JULIE Lab, Friedrich Schiller University Jena, Germany.
Intelligence and Informatics in Medicine, Medical Center rechts der Isar, Technical University Munich, Germany.
Stud Health Technol Inform. 2022 Aug 17;296:66-72. doi: 10.3233/SHTI220805.

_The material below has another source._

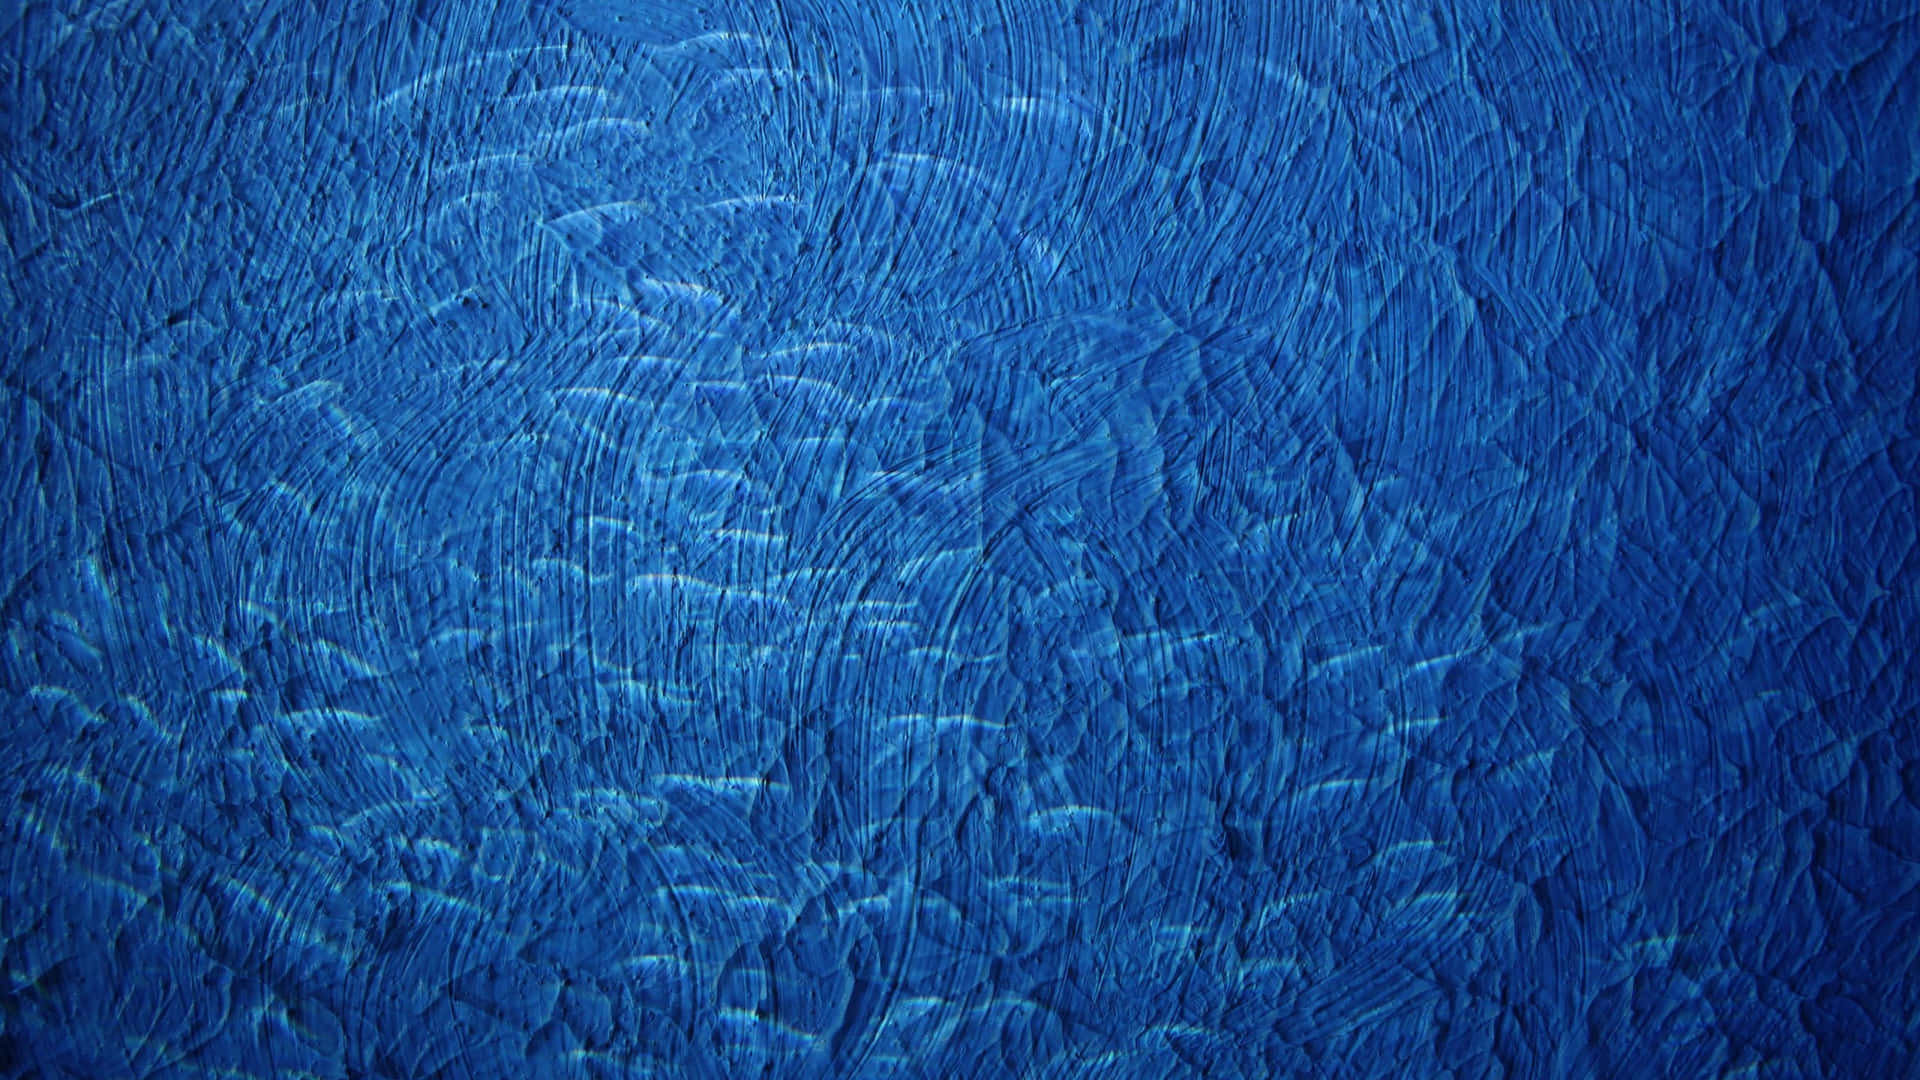 Imagensde Textura De Tinta Azul Para Papel De Parede De Computador Ou Celular.

We describe the creation of GRASCCO, a novel German-language corpus composed of some 60 clinical documents with more than.43,000 tokens. GRASCCO is a synthetic corpus resulting from a series of alienation steps to obfuscate privacy-sensitive information contained in real clinical documents, the true origin of all GRASCCO texts. Therefore, it is publicly shareable without any legal restrictions We also explore whether this corpus still represents common clinical language use by comparison with a real (non-shareable) clinical corpus we developed as a contribution to the Medical Informatics Initiative in Germany (MII) within the SMITH consortium. We find evidence that such a claim can indeed be made.
我们描述了 GRASCCO 的创建过程,这是一个新的德语语料库,由大约 60 份临床文件组成,超过 43000 个标记。GRASCCO 是一个合成语料库,由一系列使包含在真实临床文件中的隐私敏感信息变得混乱的异化步骤产生,所有 GRASCCO 文本的真实来源。因此,它可以在没有任何法律限制的情况下公开共享。我们还通过与我们作为 SMITH 联盟中德国医学信息学倡议 (MII) 的一部分开发的真实(不可共享)临床语料库进行比较,来探索这个语料库是否仍然代表常见的临床语言使用。我们发现有证据表明确实可以这样声称。